AI companies pay publishers millions for journalism, but freelancers and smaller newsrooms are left behind. Learn why reporters struggle despite the cash influx.
You've probably seen the headlines: AI companies like OpenAI and Google are cutting massive checks to major publishers. We're talking millions of dollars for the rights to train their models on journalism. On the surface, it sounds like a golden age for news. But dig a little deeper, and you'll find a different story unfolding. Freelancers and smaller newsrooms are watching this cash flow from the sidelines, wondering if they'll ever see a dime.
### The big money disconnect
It's easy to get swept up in the numbers. A single deal between an AI firm and a legacy publisher can run into the tens of millions. That's life-changing money for any newsroom. But here's the thing: most of that cash stays at the top. It goes to a handful of giant media corporations that have the legal teams and leverage to negotiate. The reporters actually doing the legwork? They're often left out of the equation.
Think about it this way. Imagine a tech company pays a publisher $10 million for access to its archive. That publisher might have hundreds of staff writers and thousands of freelancers on its roster. How much of that $10 million trickles down to the person who wrote that viral feature last year? In many cases, the answer is zero. The money gets folded into operating budgets, executive bonuses, or new tech investments.

### Freelancers feel the squeeze
If you're a freelance journalist, this trend is particularly unsettling. You're already used to getting paid per word or per project, often with rates that haven't budged in a decade. Now, your work is being used to train AI models that could eventually replace the very assignments you rely on. It's a brutal irony.
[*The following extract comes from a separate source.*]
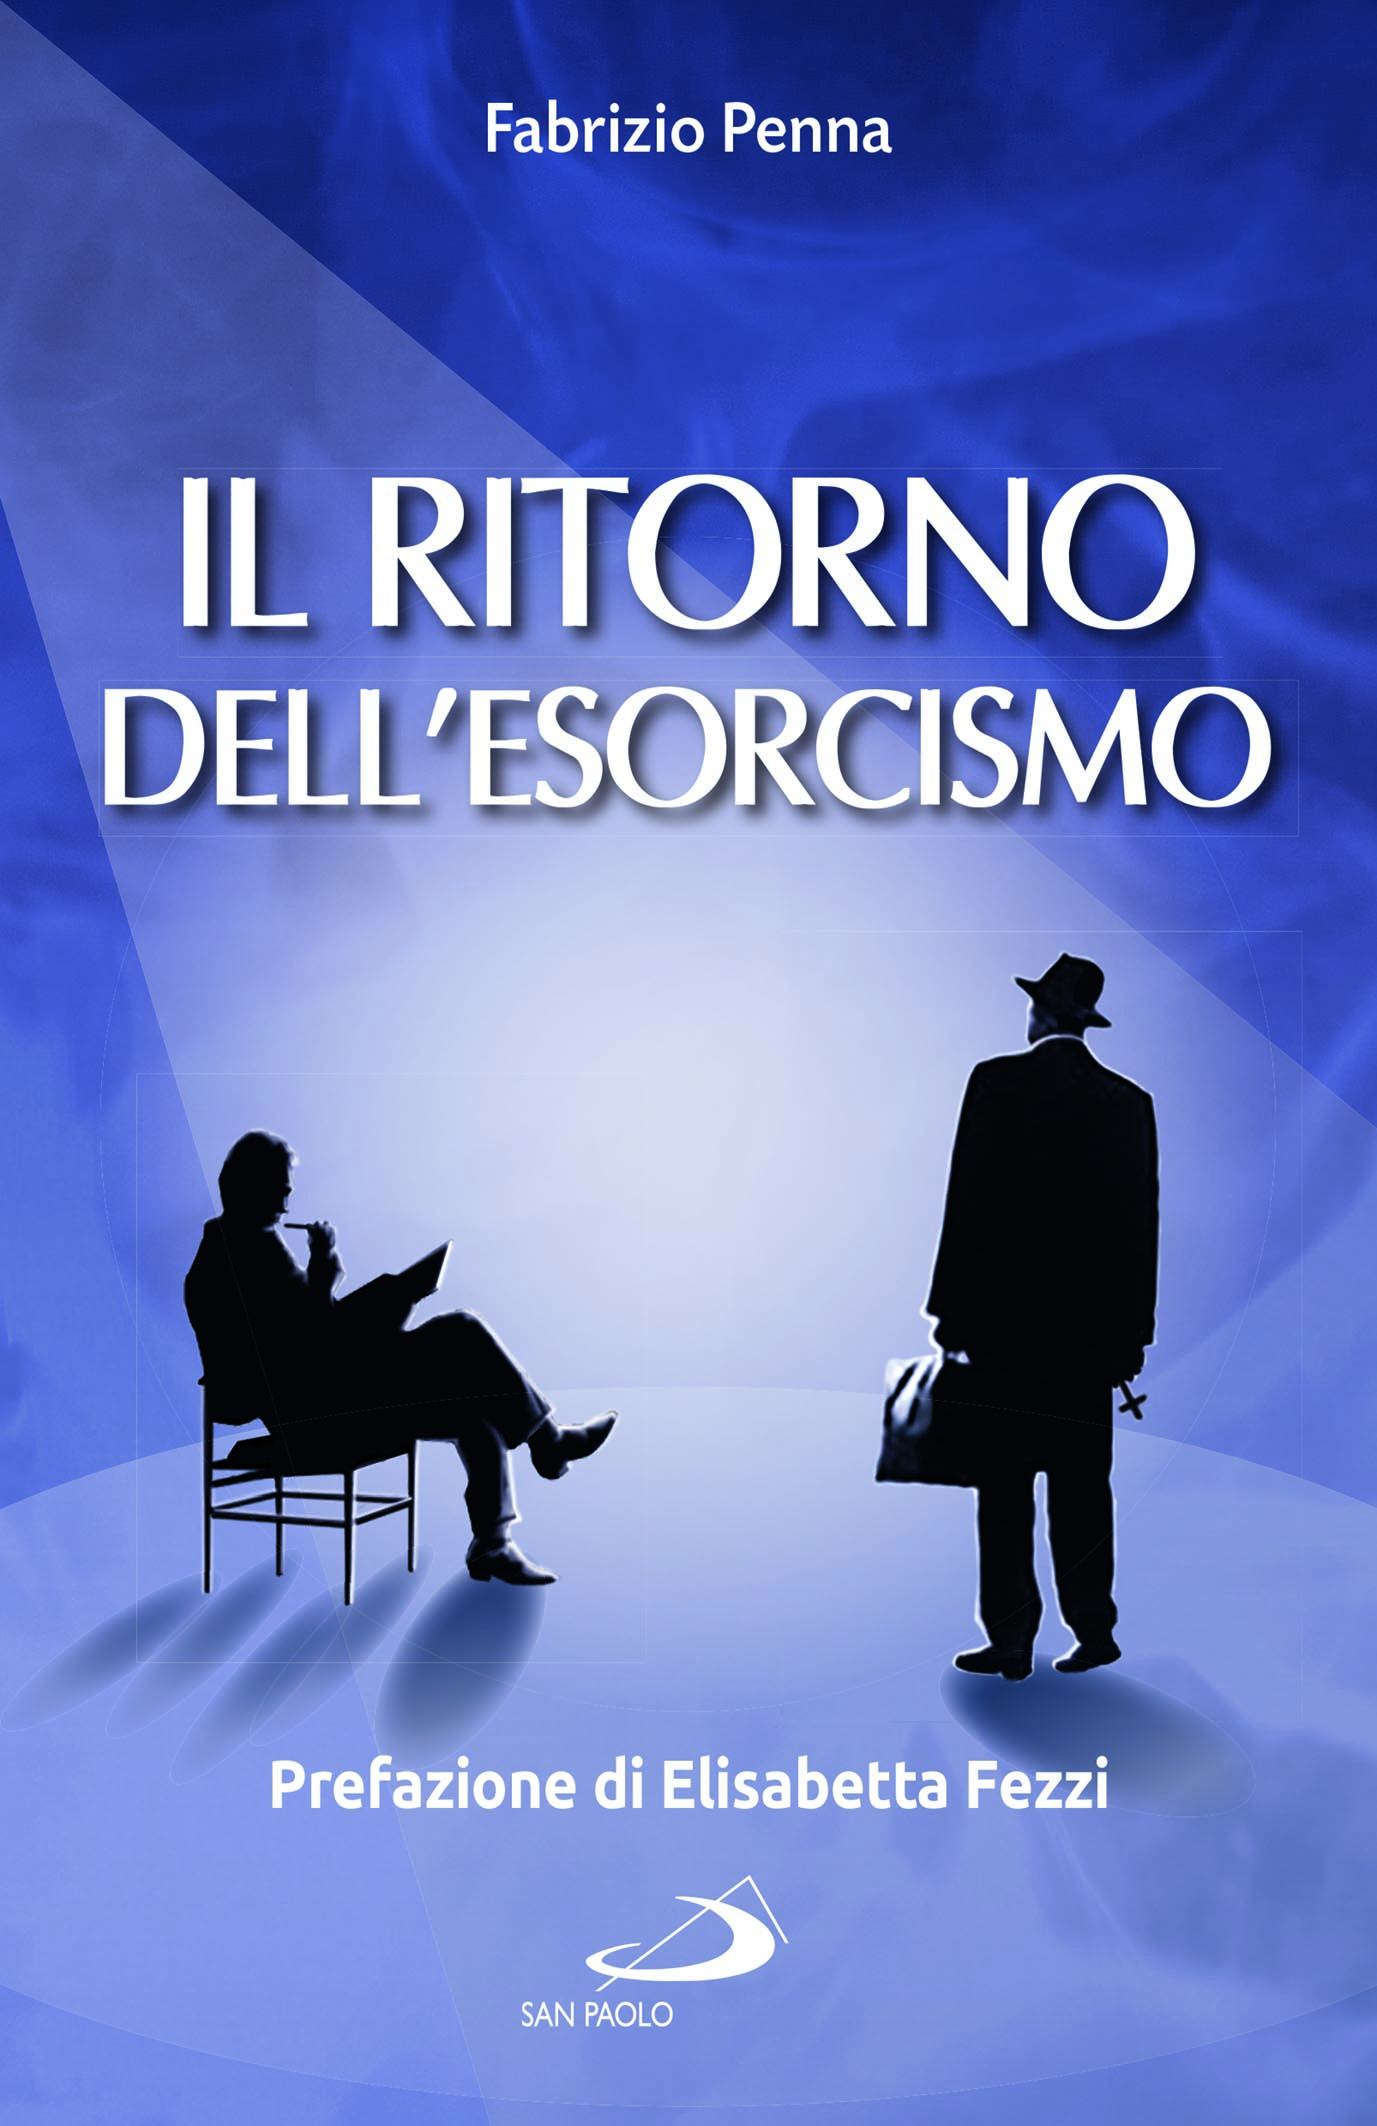 Il_ritorno_dell_esorcismo_cover.jpg

- **No direct compensation:** Freelancers typically sign contracts that give publishers broad rights to their work. Those contracts rarely include clauses for AI training or data licensing.
- **Devalued work:** As AI tools get better at generating basic news summaries, editors may feel less need to pay a human for the same task. This puts downward pressure on freelance rates.
- **Lack of transparency:** Even when publishers do get paid, they don't always share how that revenue is allocated. Freelancers are left guessing if their articles were part of the deal.

### What smaller newsrooms face
Smaller newsrooms are in a similar boat. They don't have the brand power or the subscriber base to command seven-figure licensing deals. So while the New York Times and Axel Springer are cashing in, local papers and niche outlets are left to fend for themselves. They're producing the kind of hyperlocal journalism that AI can't easily replicate, but they're not seeing a cent from the AI boom.
This creates a real problem for democracy. If local journalism can't find a sustainable business model, we'll lose coverage of school boards, city council meetings, and community events. AI might be able to summarize a press release, but it can't sit in a cramped room and ask a mayor tough questions.
> "The AI industry is essentially building its future on the unpaid labor of thousands of journalists." โ This isn't an exaggeration. It's a growing sentiment among media critics.
### What needs to change
So what's the fix? It starts with contracts. Freelancers need to push for specific language that addresses AI training and data licensing. Publishers need to be more transparent about how they distribute revenue from these deals. And regulators should consider whether current copyright laws adequately protect individual creators, not just big corporations.
There's also room for collective action. Freelancers could form bargaining groups or unions to negotiate better terms. Smaller newsrooms might band together to create a joint licensing pool, giving them more leverage with AI companies. It won't be easy, but the alternative is a media landscape where the rich get richer and everyone else scrapes by.
### The bottom line
AI companies are paying millions for journalism, but that money isn't reaching the people who actually write the stories. Until the industry finds a way to distribute those funds more fairly, we'll keep seeing the same disconnect: big checks for publishers, empty pockets for reporters. And that's a problem we all should care about.
If you're a journalist or a newsroom owner, now is the time to get proactive. Read the fine print on your contracts. Ask tough questions about revenue sharing. And don't assume the AI boom will automatically lift your boat. It won't, unless you build the sails yourself.